Article

How to make puppeteer wait for page to load

ยท
14 min read

Knowing when a page has finished loading is a crucial first step to taking accurate website screenshots with puppeteer.

Taking a screenshot before the page has fully loaded will result in a bad screenshot where images are not loaded and styles have not been parsed and applied.

Waiting for too long after the page is loaded, means we are wasting unneccessary time and causing the screenshot request to take longer than is required.

Striking the right balance between the page being fully loaded and getting a quick screenshot is quite a challenge when it is applied generally to any website.

In general, there is no one size fits all solution, and usually different websites require different strategies.

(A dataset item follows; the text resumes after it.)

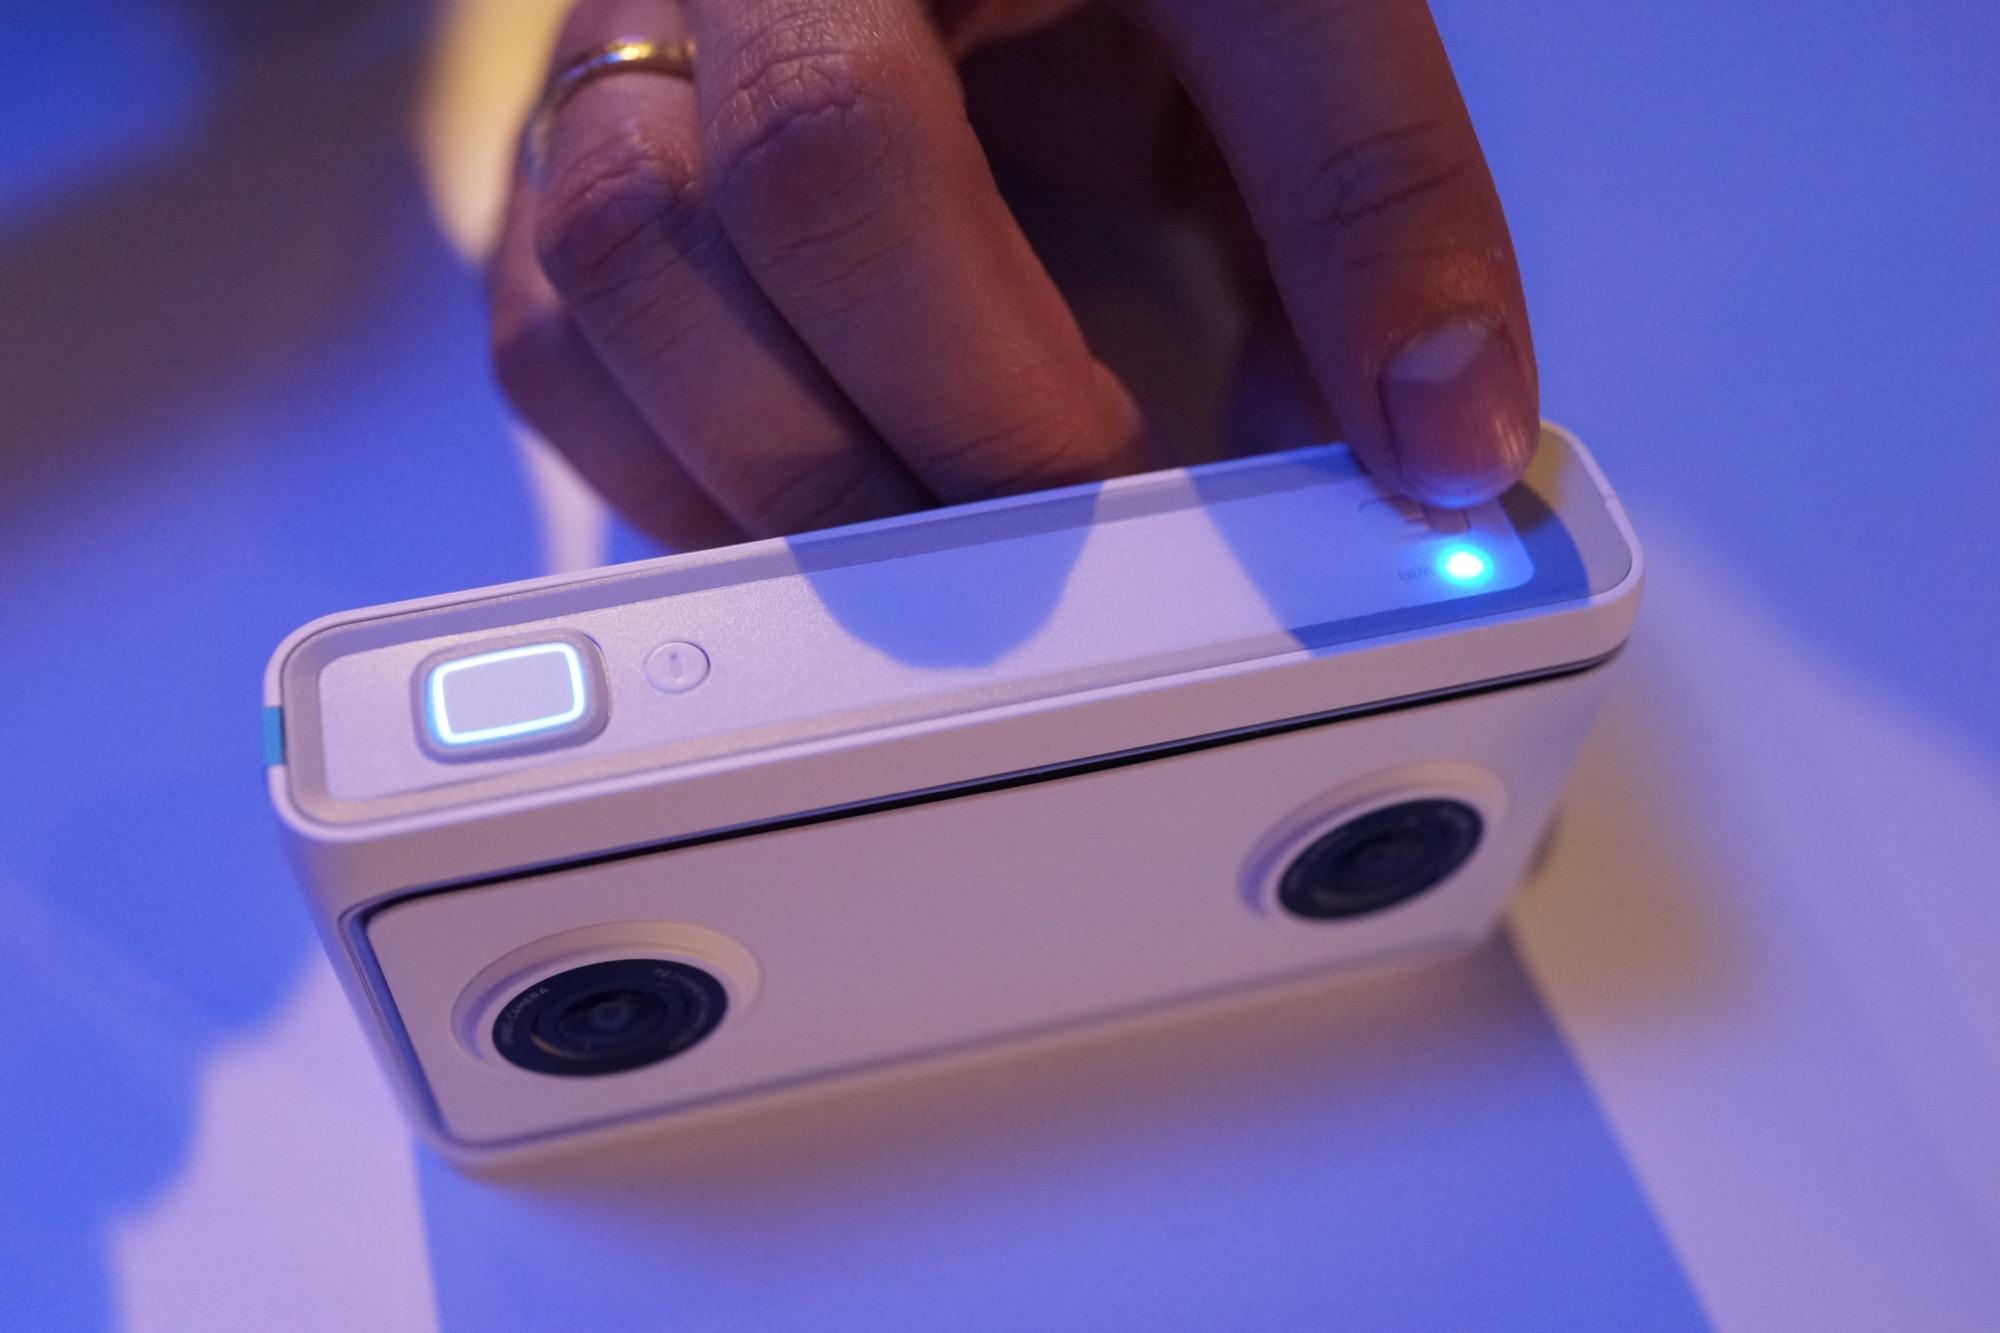 Mirage Solo : Lenovo y va aussi de son casque VR autonome

Below we describe a few different strategies to determine when a page has fully loaded.

domcontentloadedvsload

How to know when a Page is loaded in Puppeteer

Puppeteer gives us four events we can wait on to detect when a page has loaded. We can access these options via the waitUntil option that we pass to page.goto. We could also use a call to page.waitForNavigation and wait for these events to fire.

waitUntil: domcontentloaded

The domcontentloaded option will fire the earliest, and is the equivalent of waiting for the DOMContentLoaded event on the document:

document.addEventListener("DOMContentLoaded", (event) => {
  console.log("DOM fully loaded and parsed");
});

It fires when the initial HTML document's DOM has been loaded and parsed. However, this does NOT wait for stylesheets, images, fonts and subframes to finish loading.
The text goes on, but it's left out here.